Thursday, April 23, 2009

I got a sickness, sweet as a love note

Among genre fiction, vampire fiction sometimes get a better reputation than others. This is due to the common understanding that there is a subtext of sex, power, disease or other social issues lying beneath the stories. Vampires can even be grafted into other genres, as seen in Charlie Huston's Joe Pitt series, which is really noir social criticism. If you like noir and vampires, you need those books. I limit myself to one of his books every few months so that the pleasure of reading them doesn't end too quickly.

Sometimes though, vampire stories are just tales with really nasty monsters. 30 Days of Night was a graphic novel (since followed by sequels and stories set in its universe) that told of a tribe of vampires descending onto an Alaskan town in sunless depths of winter. I thought it was good enough to read some more, but not the best thing I have ever read.
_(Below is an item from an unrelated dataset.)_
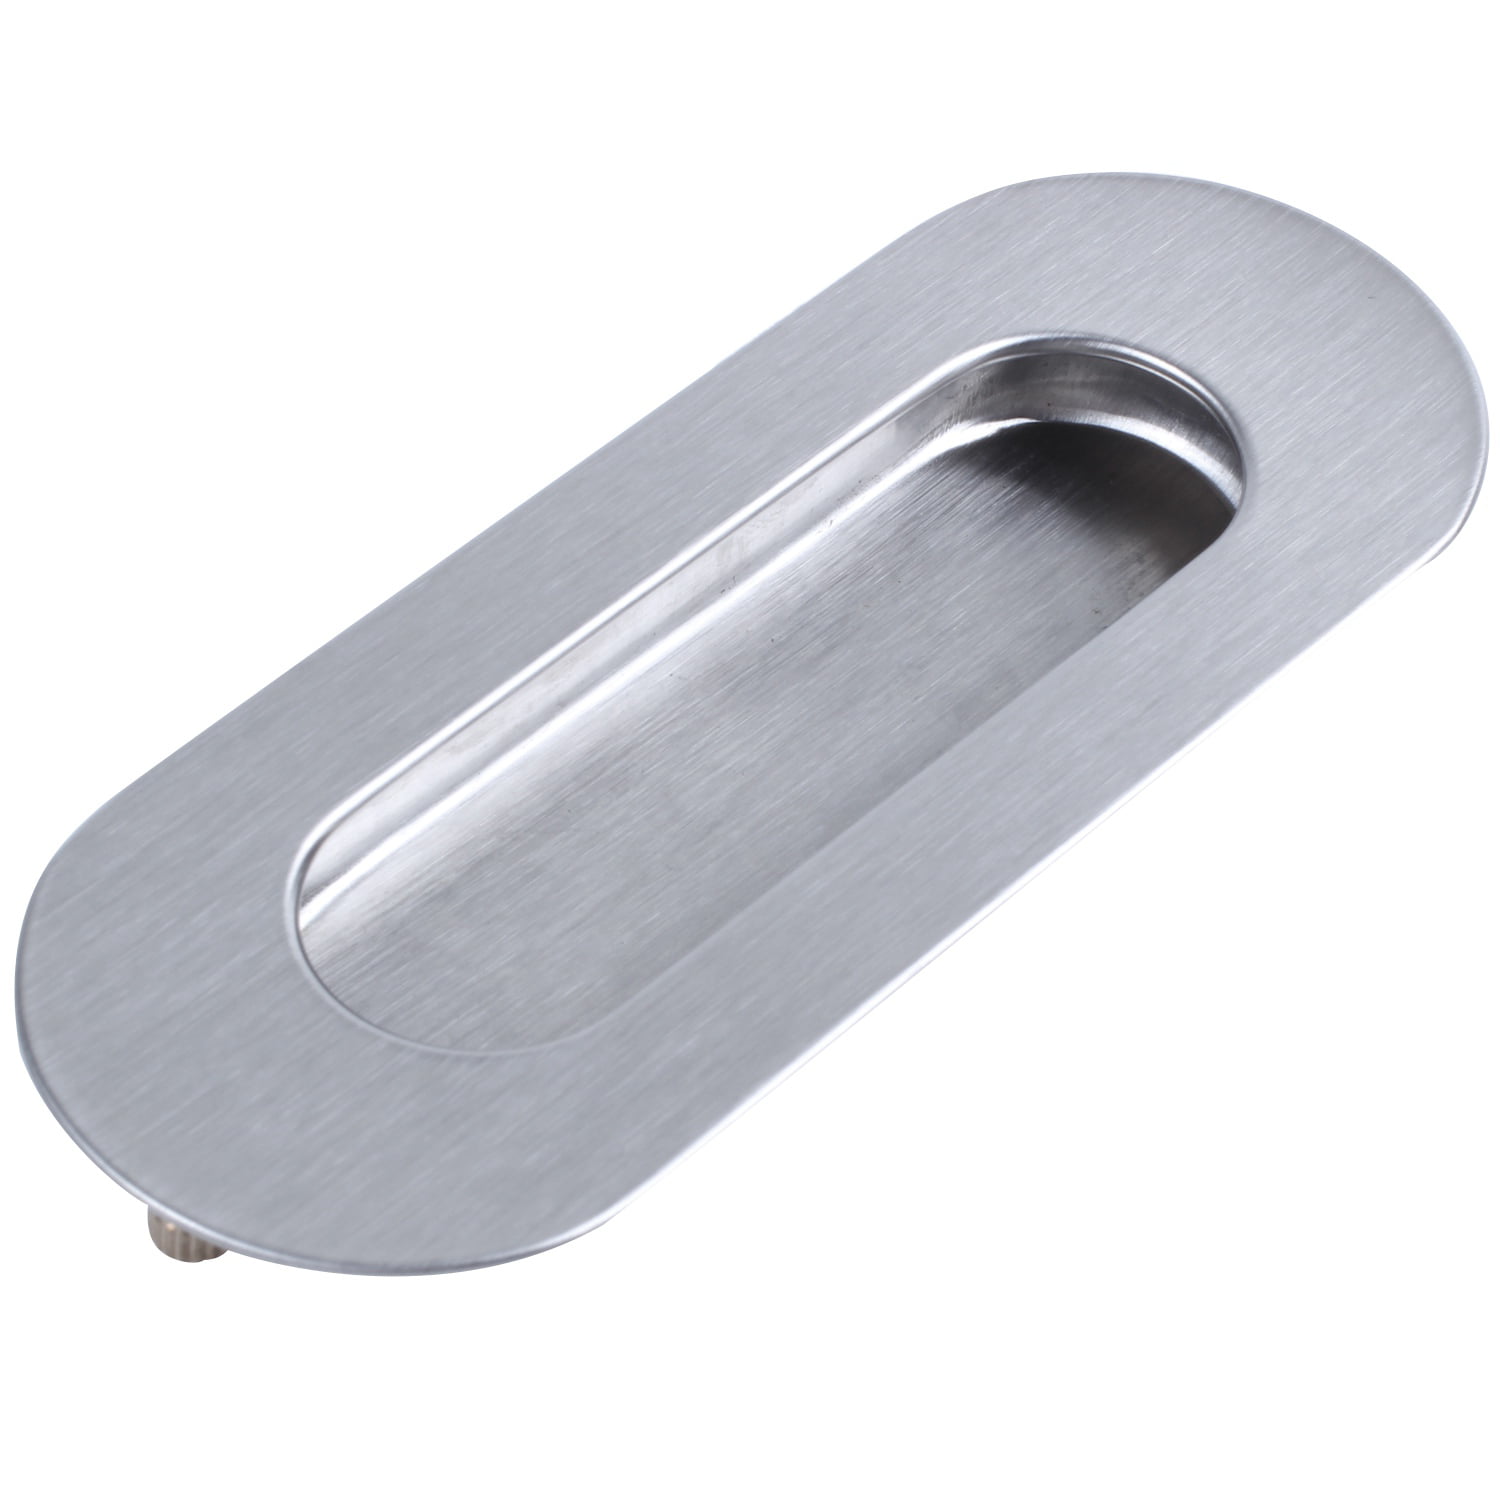 Stainless Steel Oval Recessed Flush Pull Sliding Door Cabinet Handle 2x Screws 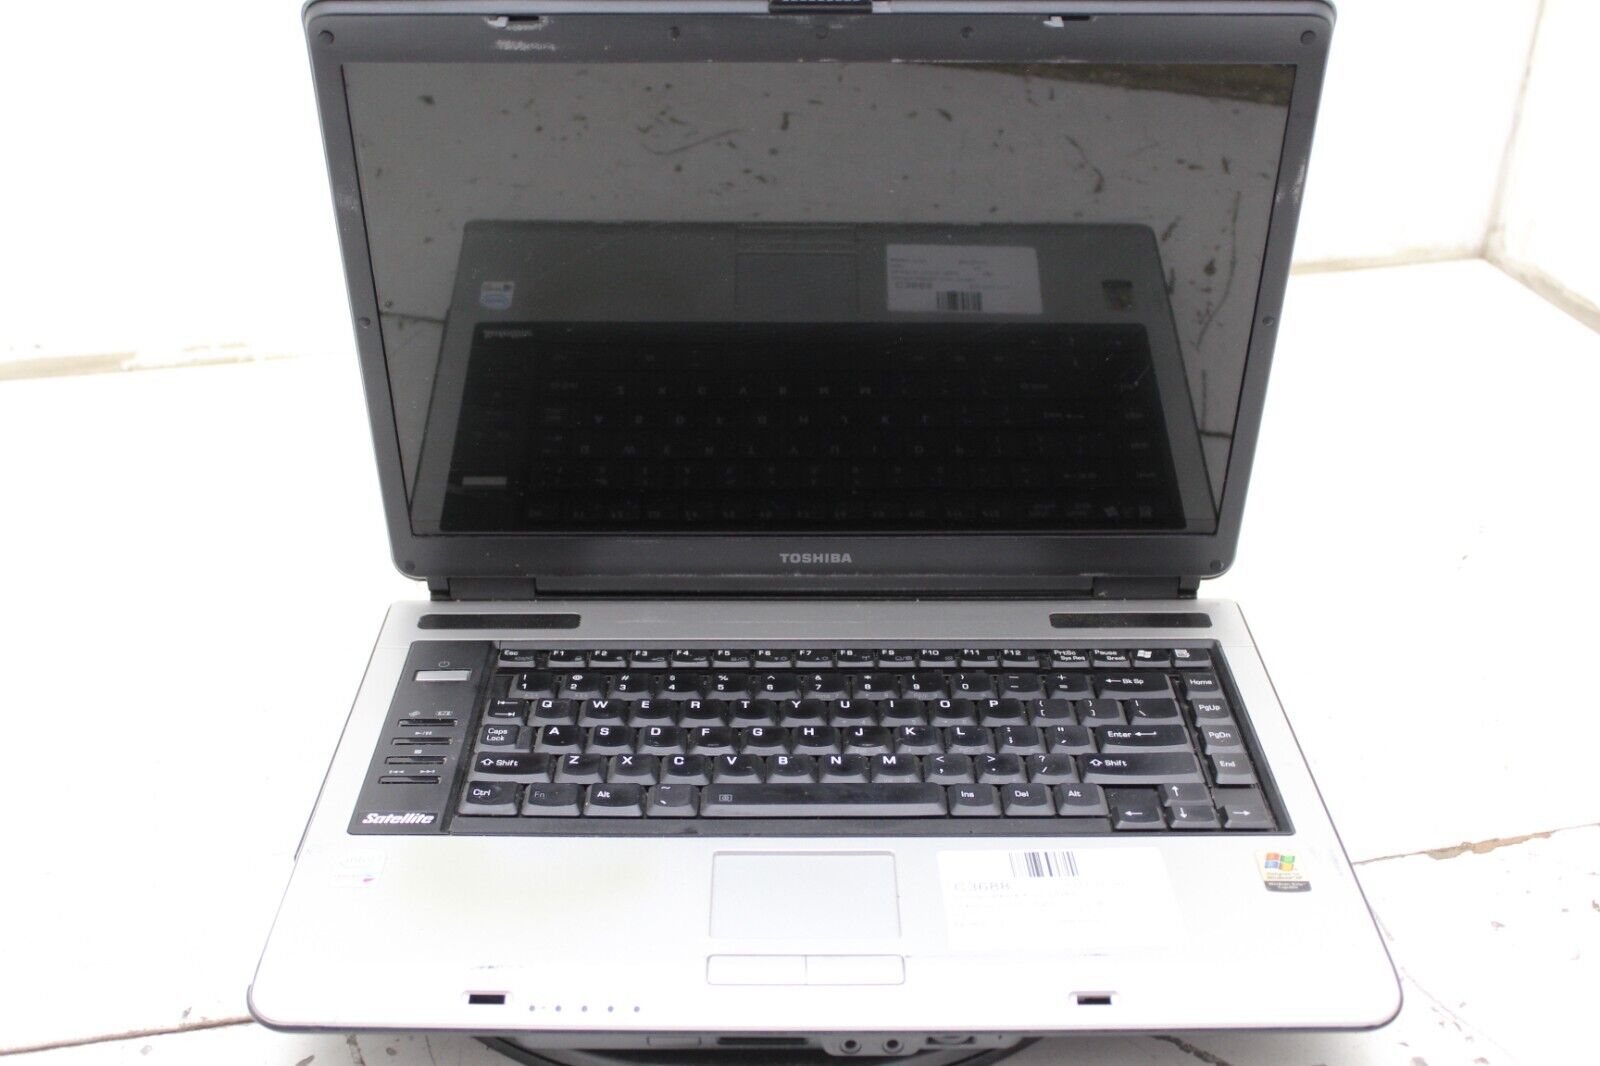 Toshiba Satellite A105-S4284 Laptop Intel Core 2 Duo 1GB Ram No HDD or Battery

Perhaps my moderate expectations helped here, but I thought the film version was a decent bit of bloody, violent entertainment. The violence in the comic was so stylized that the victims seemed a bit faceless. Here the cruelty and wickedness of the vampires is emphasized and the film is more frightening for it. The longer build-up and the plight of the initial survivors gives the film quite a bit more tension than the comic. There are a few changes of note from the graphic novel, but readers of the comic shouldn't expect great shocks.